Я выглянул из беседки.

Темнота была, как печная копоть. Приговорил несколько минут, вглядываясь в неё. Но вот оформился образ Достоевского – писатель склонился над записной книжкой, касаясь её редкой бородой, – и я снова зашелестел кнопками…


В его записной книжке имеются и такие шутейные строки:

Дорого стоят детишки,
Анна Григорьевна, да
Лиля, да эти мальчишки –
Вот она, наша беда!

А какие письма он посылал домой!

«Цалую тебя и обнимаю, – сообщает Достоевский жене, – благодарю Лилечку за письмо, а Федю поздравляю с рыбалкой. Пусть поймает три налима к моему приезду, сварим уху. Как я их люблю, моих ангелов, про вашу милость и говорить нечего. Только бы поскорей нам свидеться».

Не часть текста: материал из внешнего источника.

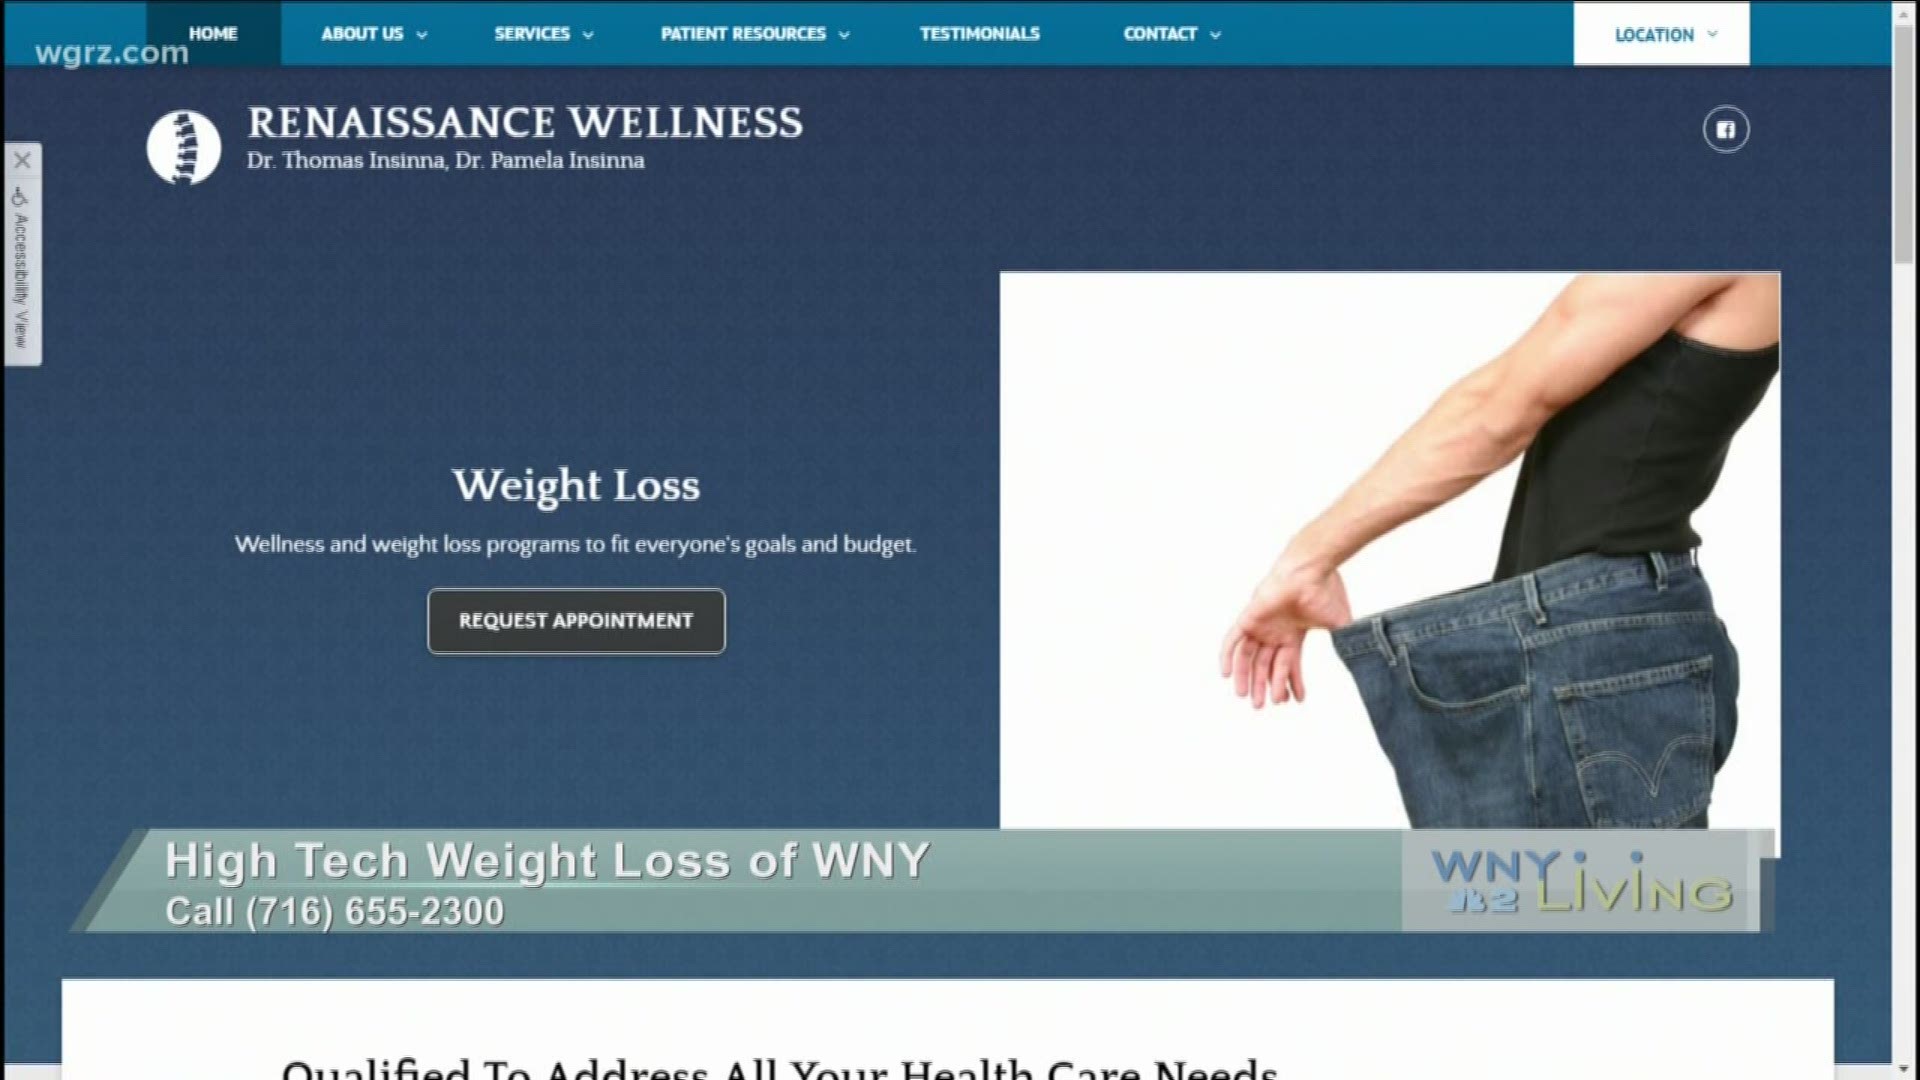 WNY Living - July 2 - High Tech Weight Loss of WNY

Он внимателен к своим дорогим адресатам, аккуратно отвечает им.

Он вообще аккуратен.

«На его письменном столе, – вспоминала впоследствии дочь, – царил величайший порядок. Газеты, коробки с папиросами, письма, которые он получал, книги, взятые для справок, всё должно было лежать на своём месте. Малейший беспорядок раздражал отца».

И настаивала:

«Я никогда не видела моего отца ни в халате, ни в туфлях… С утра он бывал уже прилично одет, в сапогах и галстуке и в красивой белой рубашке с крахмальным воротничком». На такую вот рубашку стенографистка Анна Сниткина, в будущем Достоевская, обратила внимание ещё в первый день знакомства с известным романистом.

По утрам да в хорошем настроении Федор Михайлович иногда напевал: «На заре ты её не буди…» Но стоит писателю заметить случайное пятно от свечи на домашней куртке, «и он не может приступить к работе, не уничтожив его радикально».

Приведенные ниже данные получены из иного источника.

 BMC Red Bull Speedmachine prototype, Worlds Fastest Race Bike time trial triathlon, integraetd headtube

Проработав всю ночь, Достоевский вставал поздно, собственноручно заваривал чай или готовил кофе: «то и другое крепости чрезвычайной».


Находил дождь.

В темноте застыла гущина сада.

Я продрог и был не прочь согреться чаем. Потушил свет в беседке, потихоньку вошёл в дом, зажёг газ.

И сын, и бабушка спали за деревянной перегородкой. Ночник рисовал на полу рдеющие узоры. Казалось, что и рыжего кота изобразил он.

В гостиной было уютно.

Вскоре я уже потягивал чай с молоком, разглядывал старую, намоленную икону и думал: «Посмотришь на неё – и неизживаемая радость в сердце поселится». Действительно, словно чары сняли с меня, стало как-то тепло, и я улыбнулся.

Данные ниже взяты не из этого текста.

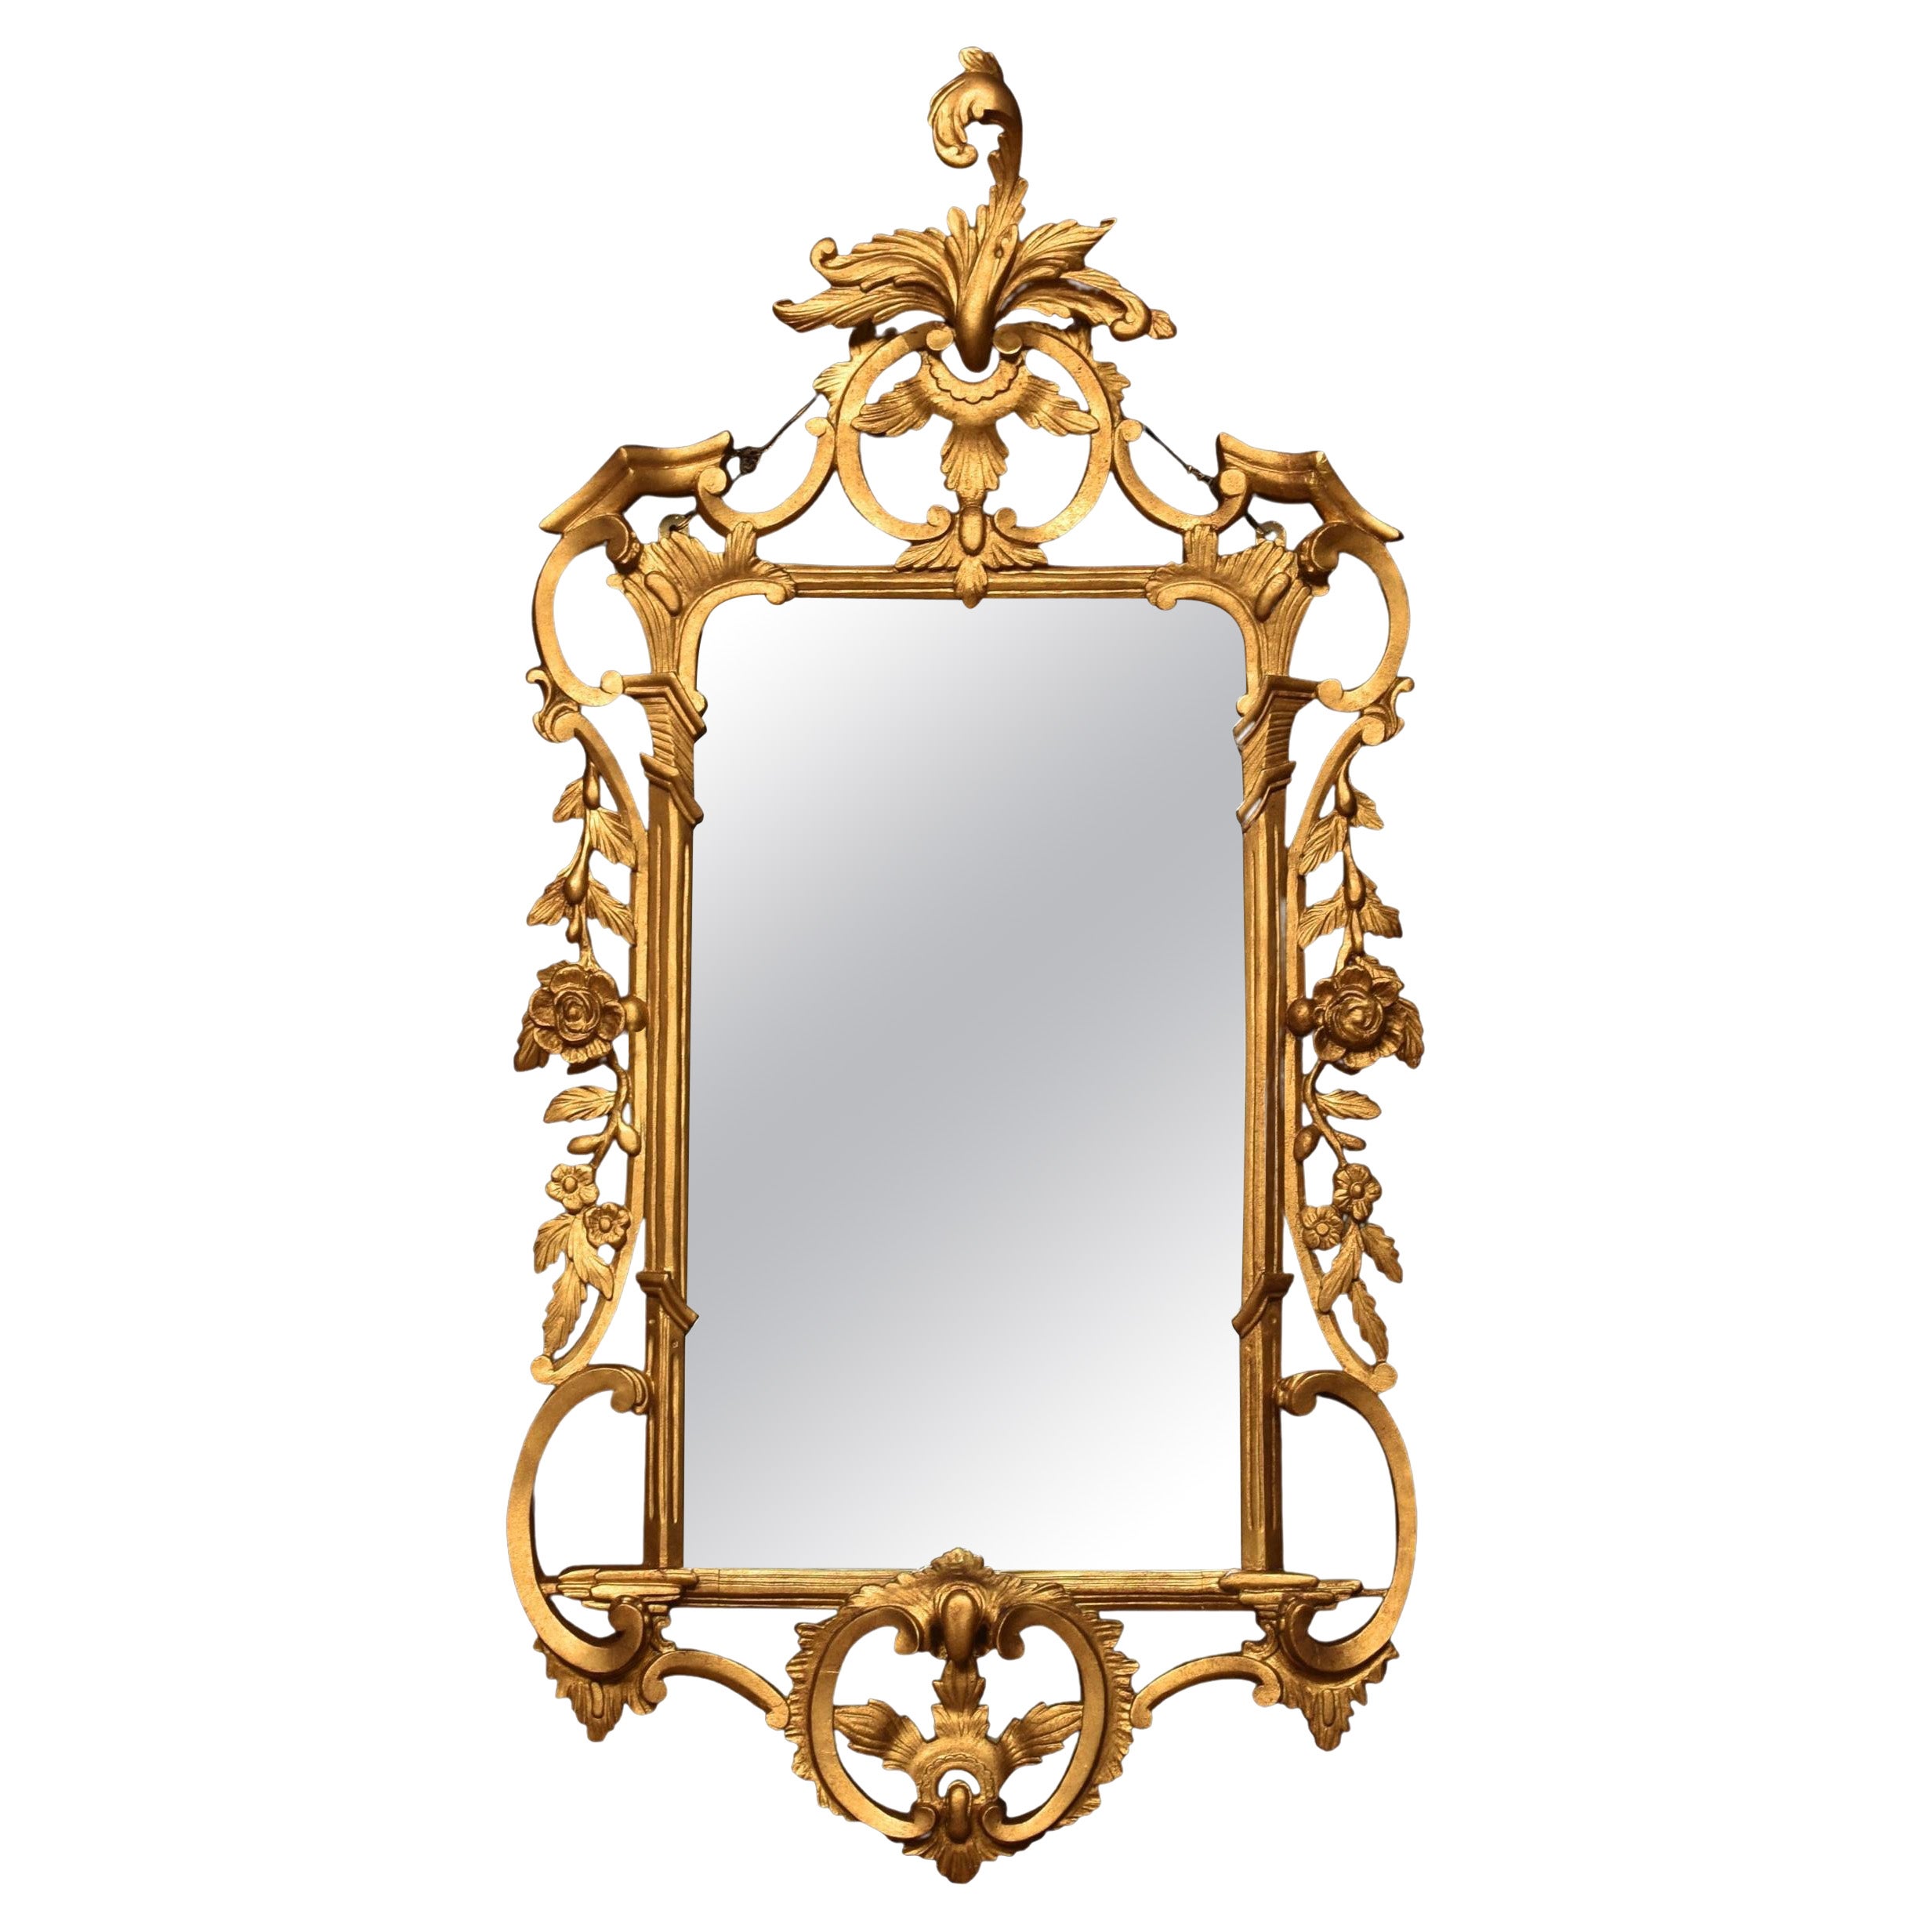 Miroir en bois doré de style baroque

Книга ладилась, всё теперь получалось. Наверное, оттого что я вернулся в отчий дом? По-моему, только здесь я и владел искусством не ошибаться. Именно здесь укрывался от всего вилявого и межумочного, обезличенного. Самоодолевал, воспитывал себя.

…Быстро три недели миновали – как жёлтый листок с дерева упал.

Наступили осенние простудные дни, и мы засобирались домой.

Ветер-свистун провожал нас.

Бабушка расцеловала меня, а внука ещё и перекрестила. Взгляд её затуманился, затосковал.

Глава восемнадцатая

«Спасибо тому, кто изобрёл сон… Одним только плох крепкий сон: говорят, что он очень смахивает на смерть».

Иногда во сне я составляю планы сражений и почему-то разбиваю именно немцев. Сегодня мне приснилось, что я взял языка. Это был тучный эсэсовец, с румяным, пожалуй, даже побагровевшим, лицом. Он ощетинился, обругал меня матерком, ткнул в мою сторону пальцем, крикнул:

– Думаешь, победил, краснопузый?.. Э-э нет, мы ещё встретимся!

В тонких ехидных губах немца застряла улыбочка.

«Что-то он разговорился!» – трепыхалась мысль.

Молча я свалил его с ног, перевернул на живот и, придерживая коленом, связал руки ремнём. Потом, подталкивая автоматом, повёл в штаб. Немец больше не улыбался, видимо, страх костенил его волю. Мы миновали развалины и вышли к Волге.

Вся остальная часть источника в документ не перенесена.